Few would contest that Apple's iPad played an instrumental role in jumpstarting a tablet craze and ushering in a new era of mobile computing. Up until now, the iPad has enjoyed relatively little company in the tablet space, but with Samsung's introduction of the Galaxy Tab, that's all about to change.
The Samsung Galaxy Tab is the first of an army of Android-powered tablets poised to take on the Apple iPad. Possessing several coveted features that are sorely missing from Apple's "magical" tablet, the Galaxy Tab and its Android brothers in arms stand to quickly gain ground on the iPad.
While Samsung has been coy about the Galaxy Tab's full specifications, we've done some sleuthing, and have a decent idea what to expect.

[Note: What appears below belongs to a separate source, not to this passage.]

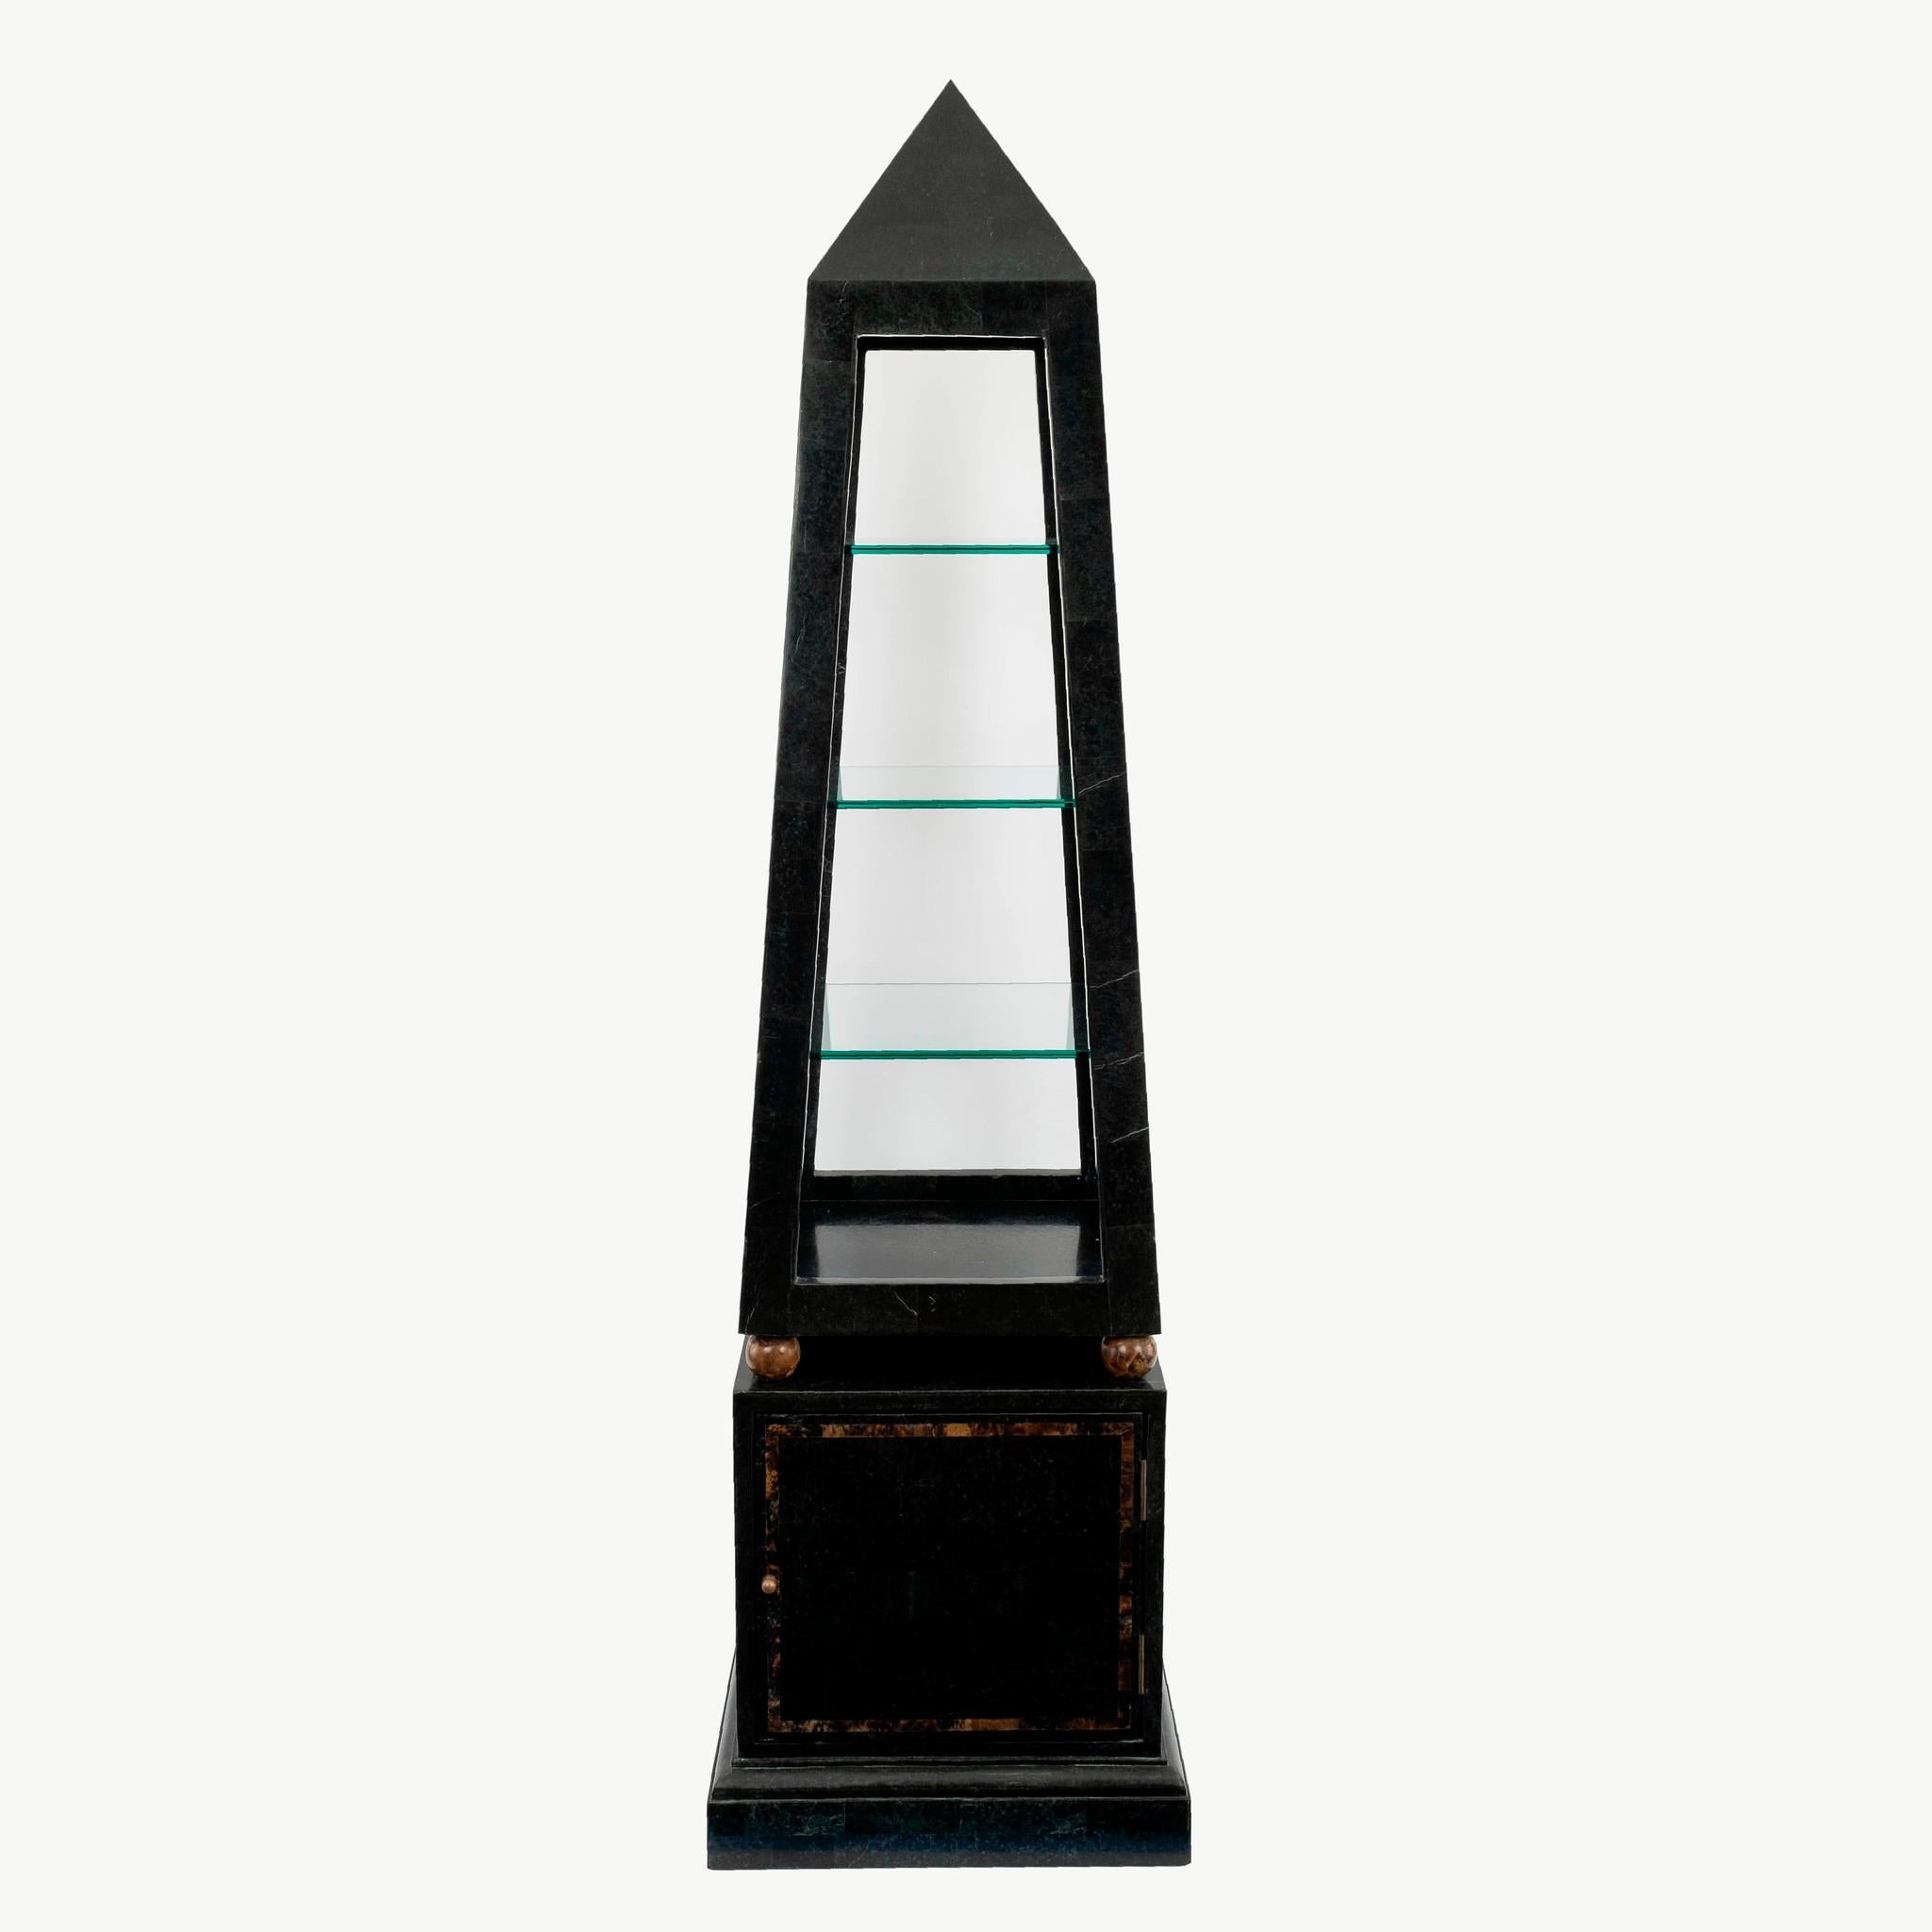 Vintage tessellated black marble and brass obelisk shaped etagere with three glass shelves and one cabinet door for storage.

Of course, we'll update this comparison as we learn more.
Display: The Apple iPad touts a larger, slightly higher resolution display (9.7-inch, 1024 x 768 pixel resolution) than that of the Samsung Galaxy Tab (7-inch, 1024 x 600). Of course, the iPad's added display real-estate makes for a better web browsing and movie watching experience, but also renders the device less portable than the Galaxy Tab.
Camera: Disappointingly, the Apple iPad is without an on-board camera of any kind. The Samsung Galaxy Tab will have a 1.3-megapixel front-facing camera making ultra-portable video chat a key selling point. The Galaxy Tab will also sport a 3.2-megapixel rear-facing camera with LED flash and autofocus.

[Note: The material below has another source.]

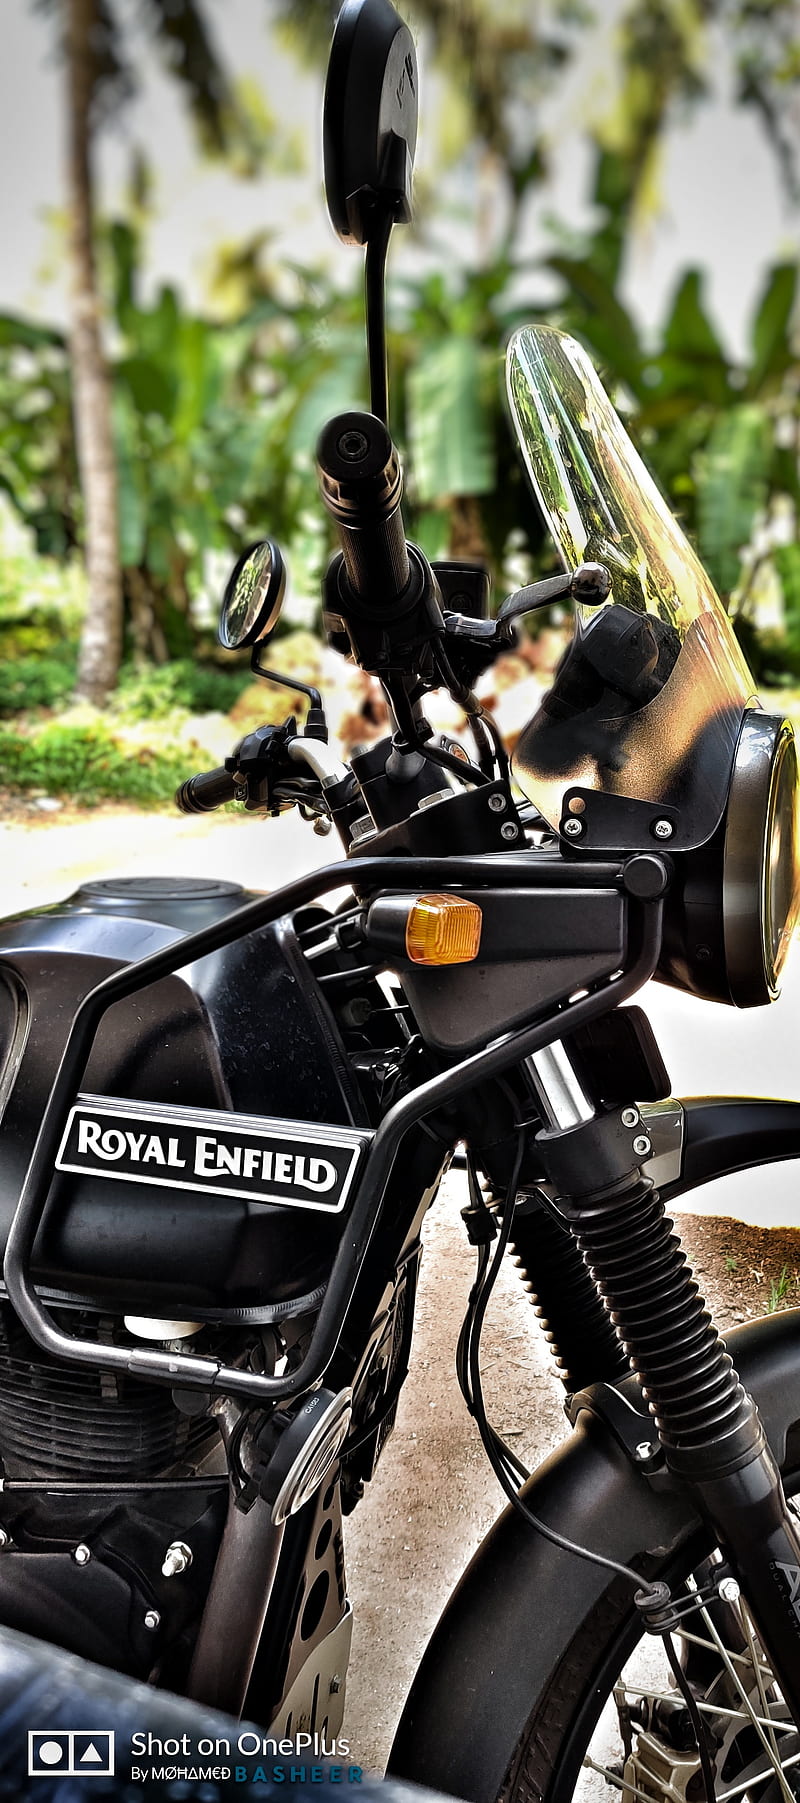 Royal Enfield - Make a splash on all roads and no roads. Explore more:  https://www.royalenfield.com/in/en/motorcycles/himalayan/ #RoyalEnfield  #RidePure #PureMotorcycling #RoyalEnfieldHimalayan #REHimalayan  #AllRoadsNoRoads | Facebook

Wireless: Of course, the Apple iPad is available with optional connectivity to AT&T's 3G network. The Galaxy Tab is expected to be available for Verizon Wireless, and will have the ability to make phone calls in addition to utilize the 3G network for data connectivity. The iPad cannot make phone calls.
The Google Android vs. Apple iOS battle rages on in the smartphone market, with Android scoring some major points as of late against Apple's iPhone mobile operating system. Apple's iOS also powers the iPod Touch and iPad. Beyond hardware, the biggest difference between the Apple iPad and Samsung Galaxy S will inevitably come down to software.
Multitasking: While Apple's latest version of iOS allows multitasking (arguably to a limited degree), an update for the iPad that will bring the device multitasking abilities is not expected to hit until the fall. The Android platform's multitasking is regarded in many circles as superior to that of iOS, allowing for programs to run fully in the background.
Apps: Of course, the same applications available on iPhones and Android-powered phone are available on their tablet counterparts. Additionally, Apple's iPad has a growing number of apps developed specifically for the device, taking advantage of its large screen real-estate. The day will certainly come where many apps will also be developed specifically with Android tablets in mind, but that day is not here yet, and iPad users will likely be able to claim a superior app selection for a long time to come.
Open: By its very nature, the Android platform is open, allowing virtually limitless customization, the ability to install any app you want (including apps that have not gone through an approval process), and unrestricted access to a device's system and files.
Adobe Flash: Whatever your view on Adobe Flash may be, the fact is that a huge number of websites rely on Flash to provide engaging multimedia content and interactivity -- and the web is a very different place without Flash. Apple's iPad does not offer Flash support, rendering a wealth of content inaccessible from the device.